The series, which proved California lawmakers were deceived, may very well have provided Governor Brown an incentive to make the move toward overhauling the state’s flammability standards.

According to the Chicago Tribune:

Changing the obscure rule, known as Technical Bulletin 117, would be the most significant step any state has taken to reduce the use of flame retardants that scientists say are building up in people’s bodies and in the environment around the globe.

Scientists know that flame retardants migrate from products and settle in dust. That’s why toddlers, who play on the floor and put things in their mouths, generally have far higher levels than their parents. Expectant mothers also can unwittingly pass the chemicals to their children; the typical American baby is born with the highest recorded concentrations of flame retardants among infants in the world.

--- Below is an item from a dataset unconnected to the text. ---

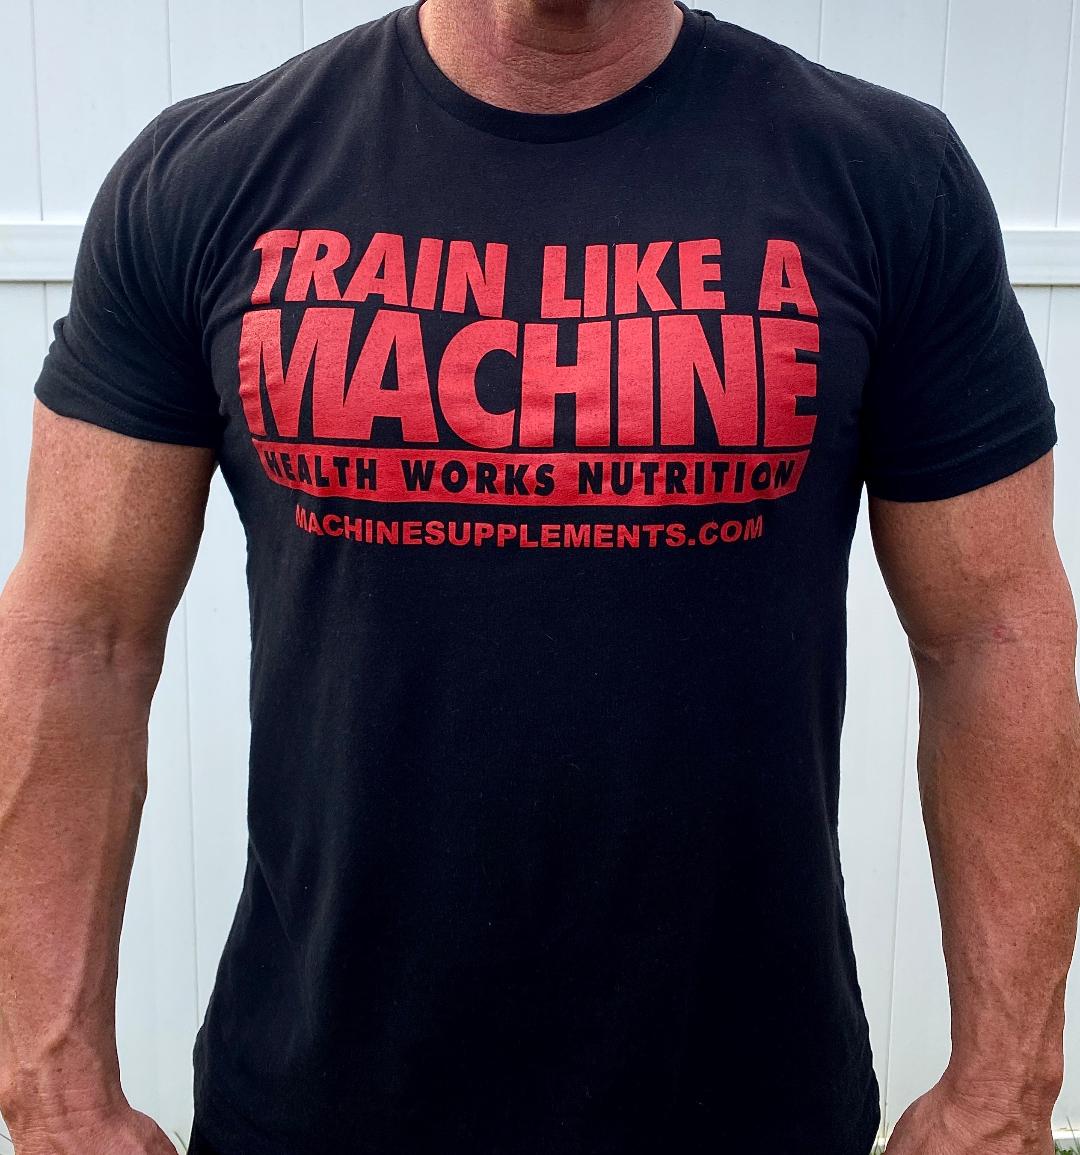 TRAIN LIKE A MACHINE tshirt Mens
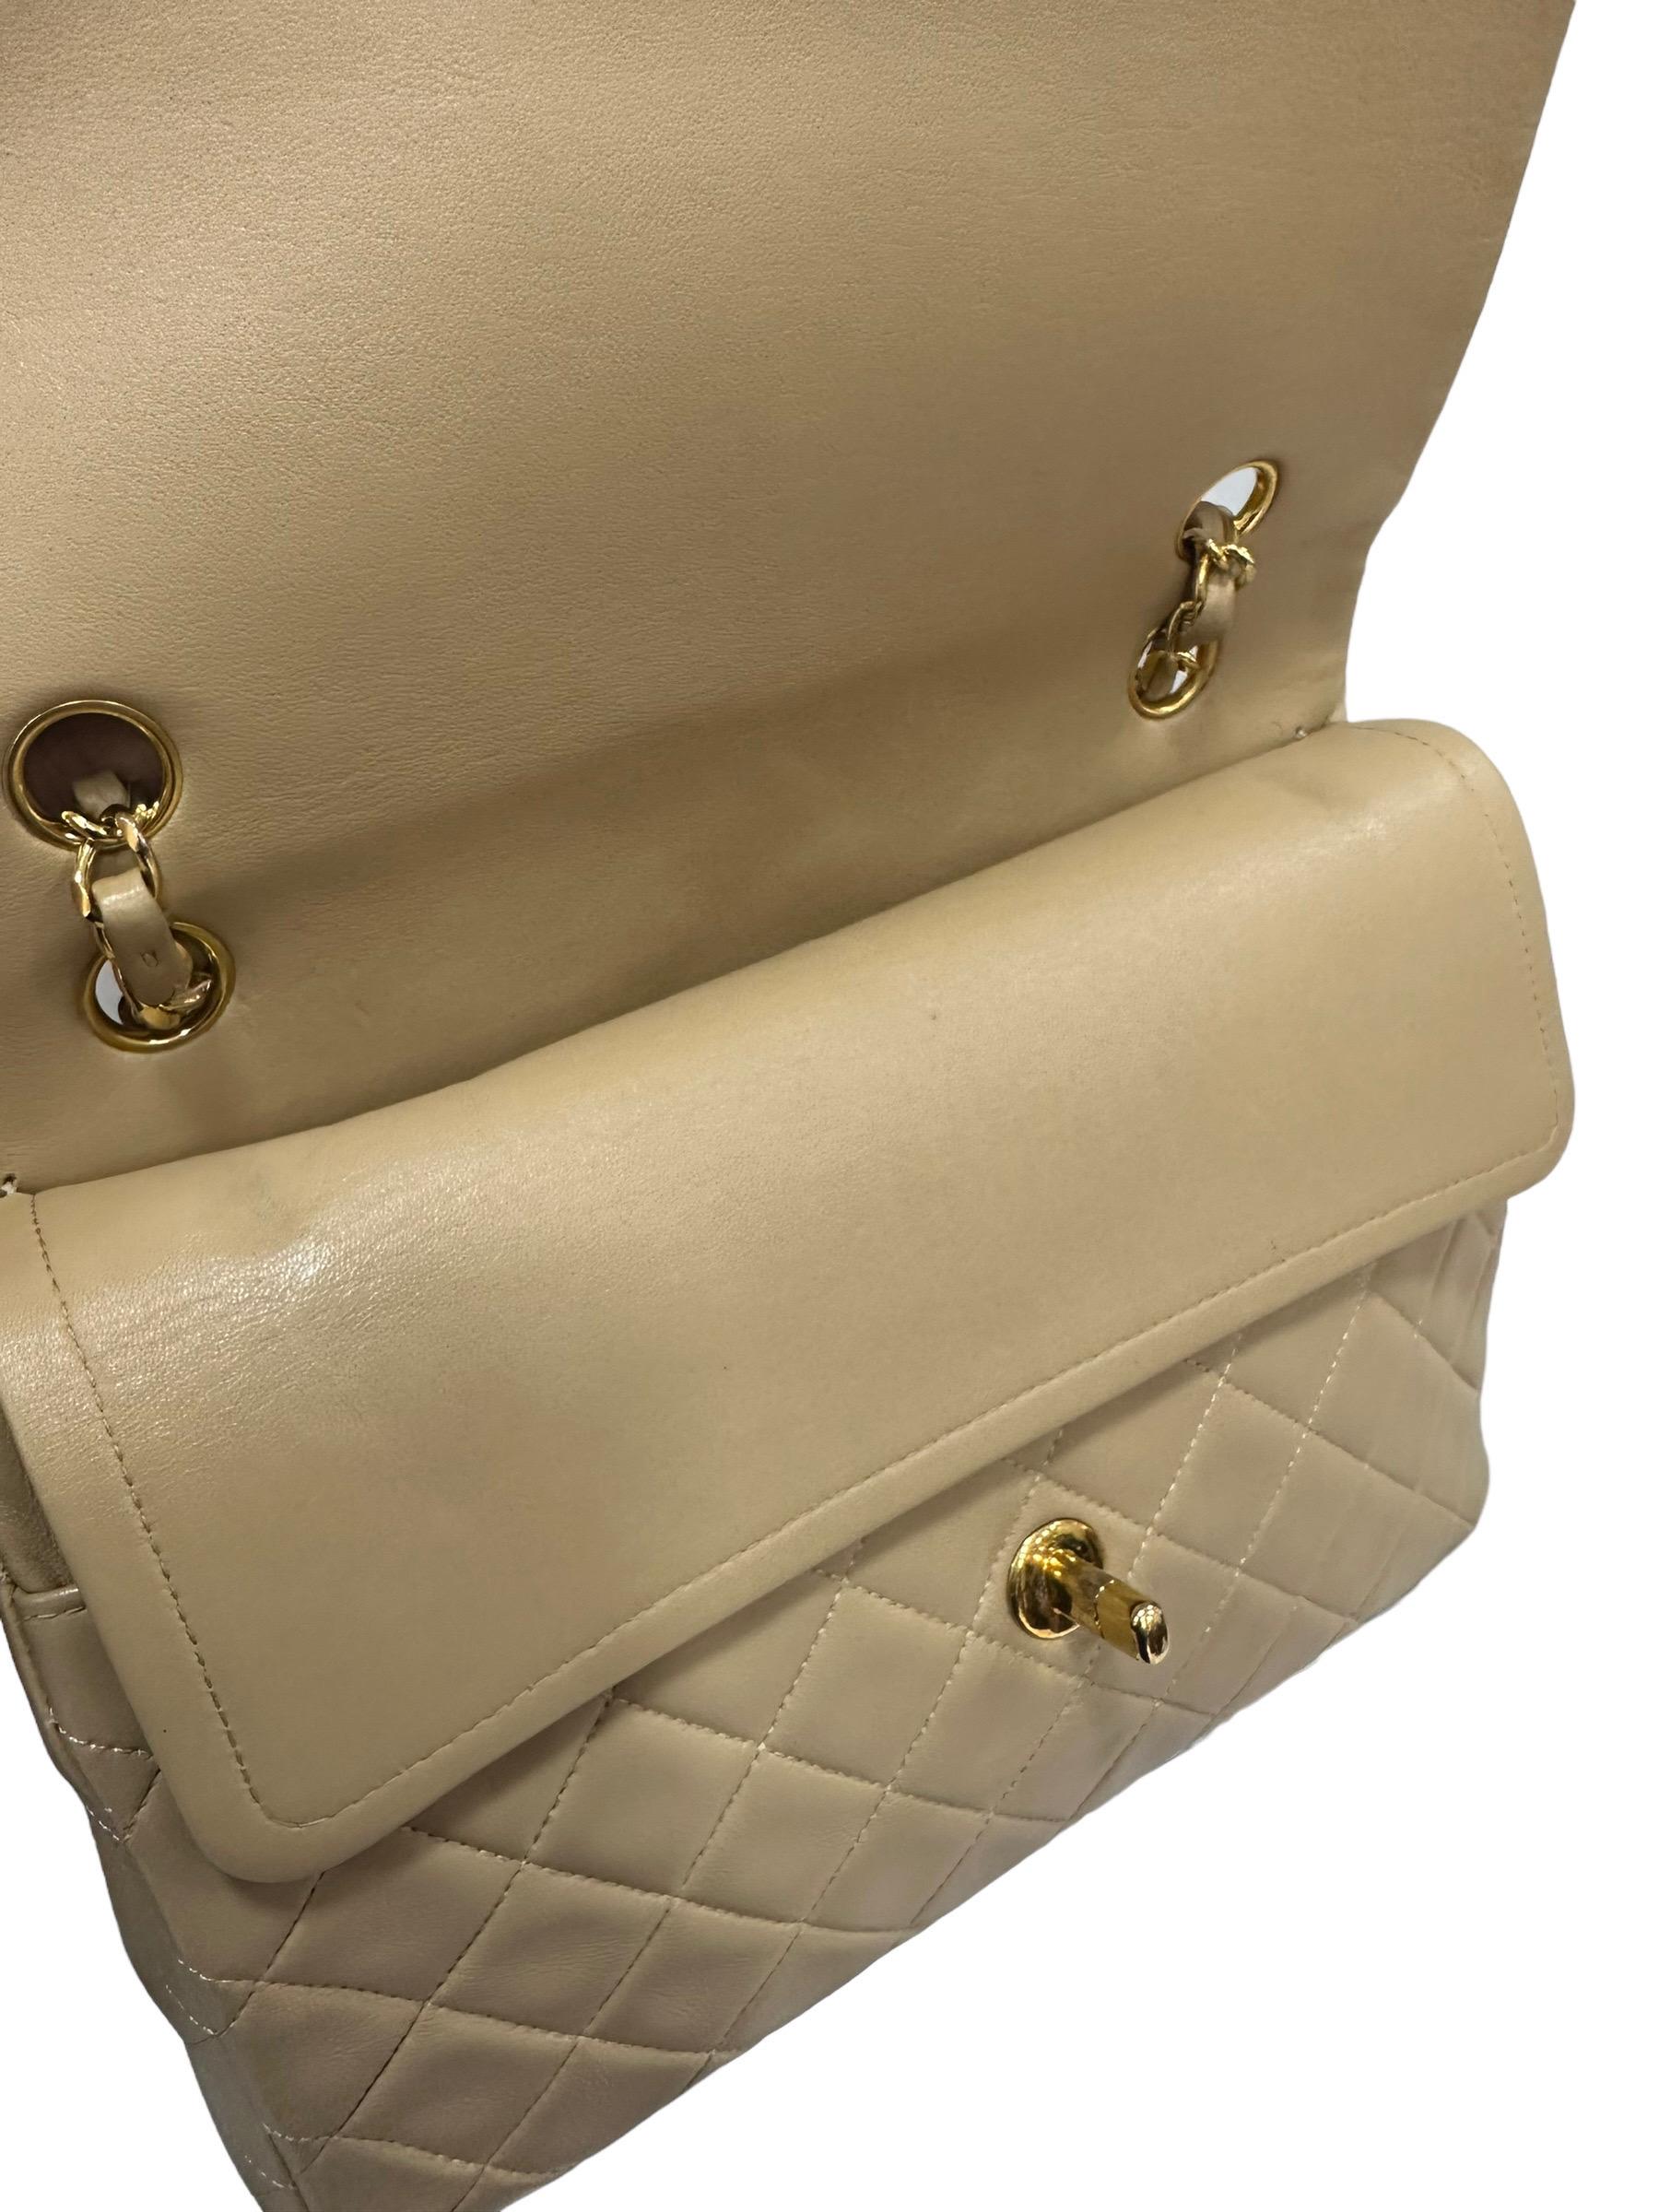 ‘90 Chanel Flap Vintage Beige Leather Shoulder Bag For Sale 11

It’s great news that California may be on the cusp of shutting off the flow of these chemicals into consumer products here and around the country, but it’s frightening to think about the number of existing couches (just to take one example) that will sit spewing toxic dust in our homes and ultimately may be sold second-hand to folks who can’t afford new products. As noted by a coalition of diverse groups working on this issue, the Alliance for Toxic-Free Fire Safety, this is a social justice issue that will take many years to fully address, and we’re just getting started by revising guidelines that never protected anyone from fires but made all of our homes more dangerous.

But it ain’t over ’til it’s over. Next week, on June 26th, there will be an oversight hearing by the California State Assembly Committee on Environmental Safety and Toxic Materials (ESTM) on California’s furniture flammability requirements. According to an announcement by the committee, witnesses “will include the Bureau of Electronic Appliance Repair, Home Furnishing and Thermal Insulation; the Department of Public Health; and representatives from the firefighter, public health, fire safety, academic, environmental and regulated communities.”

The hearing provides an opportunity for lawmakers who previously voted against bills to stop the use of these toxic chemicals to show up, consider factual testimony rather than lies, and support our state’s move in the right direction. I hope you’ll encourage your representatives to attend.